Germany's Problem: Too Much Solar Power
Image: Flickr via OregonDOT
The electricity grid in Germany is actually in trouble because of too much solar power feeding into it. At least that's what the chairman of the DENA agency, which advises the government on energy, has warned.
Thanks in part to subsidies by the German government, solar installations have been spreading like wildfire. UPI reports that between eight and 10 gigawatts of solar capacity, which is equivalent to about 10 coal-fired power plants, are expected to be installed this year alone.
The network is facing congestion because of all this solar power, according to the DENA agency chairman, Stephan Kohler, although the solar industry disagrees.

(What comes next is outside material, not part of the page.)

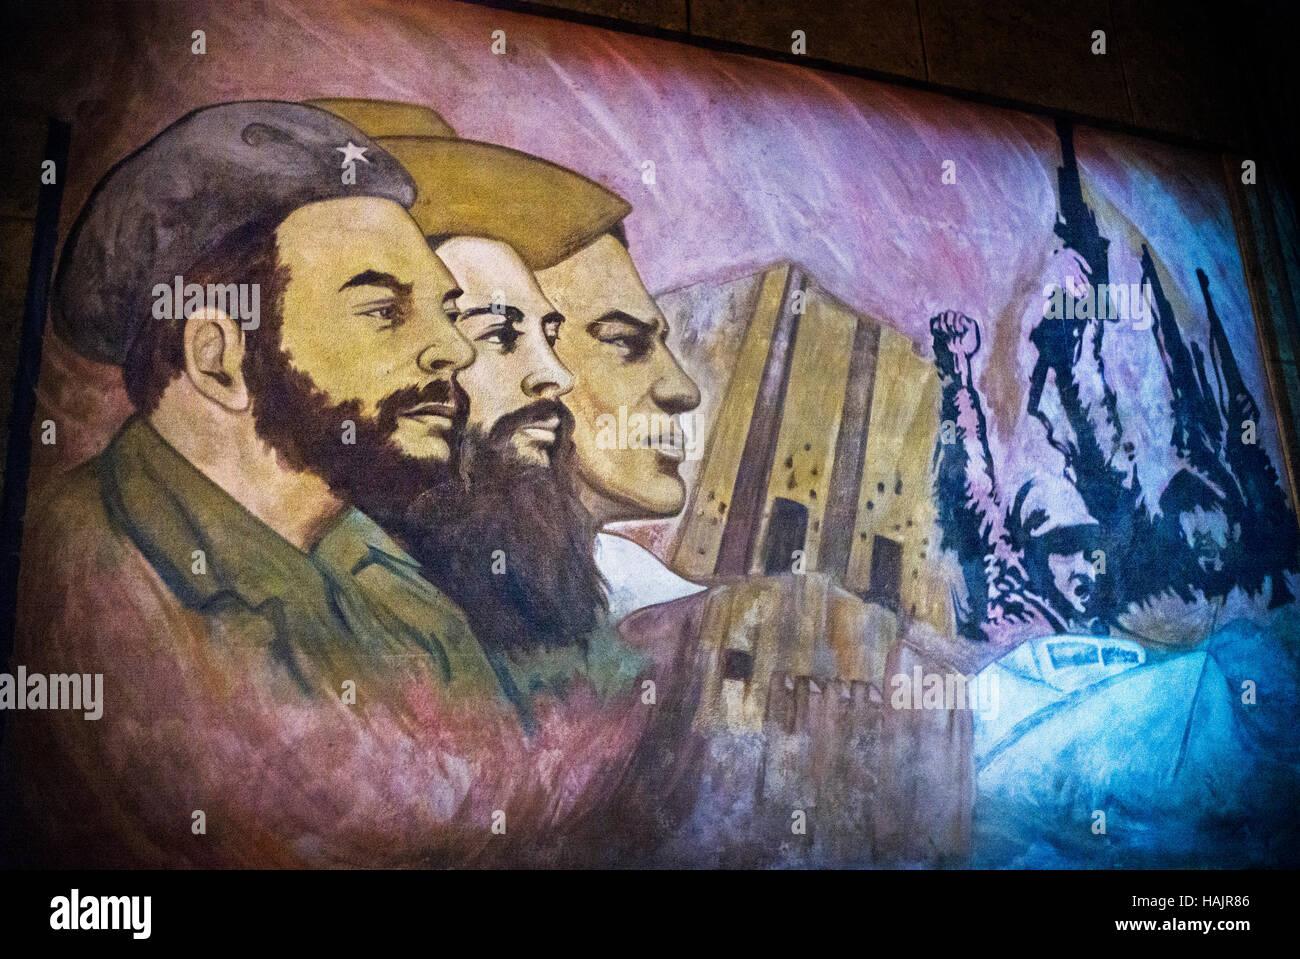 Graffiti, revolutionäre Helden wie Camillo Cienfuegos darstellen; Fidel Castro und Che Guevara Havanna, Kuba Stockbild

Kohler has called on Germany to scale back the growth of solar power, and recommends the government impose a cap of 1 GW per year. UPI reports that at the current rate, Germany would have almost 50 GW of solar capacity by 2013, and Berlin recently agreed to reduce subsidies for rooftop solar panels by 16 percent—that's down from up to subsidies of 50 percent, in some cases.
Compare that with the U.S., where the tax incentives for solar vary but never come close to the benefits fossil fuels get: according to 1BOG, the average U.S. taxpayer has paid $521.73 toward fossil fuel subsidies over the last five years—and $7.24 towards solar.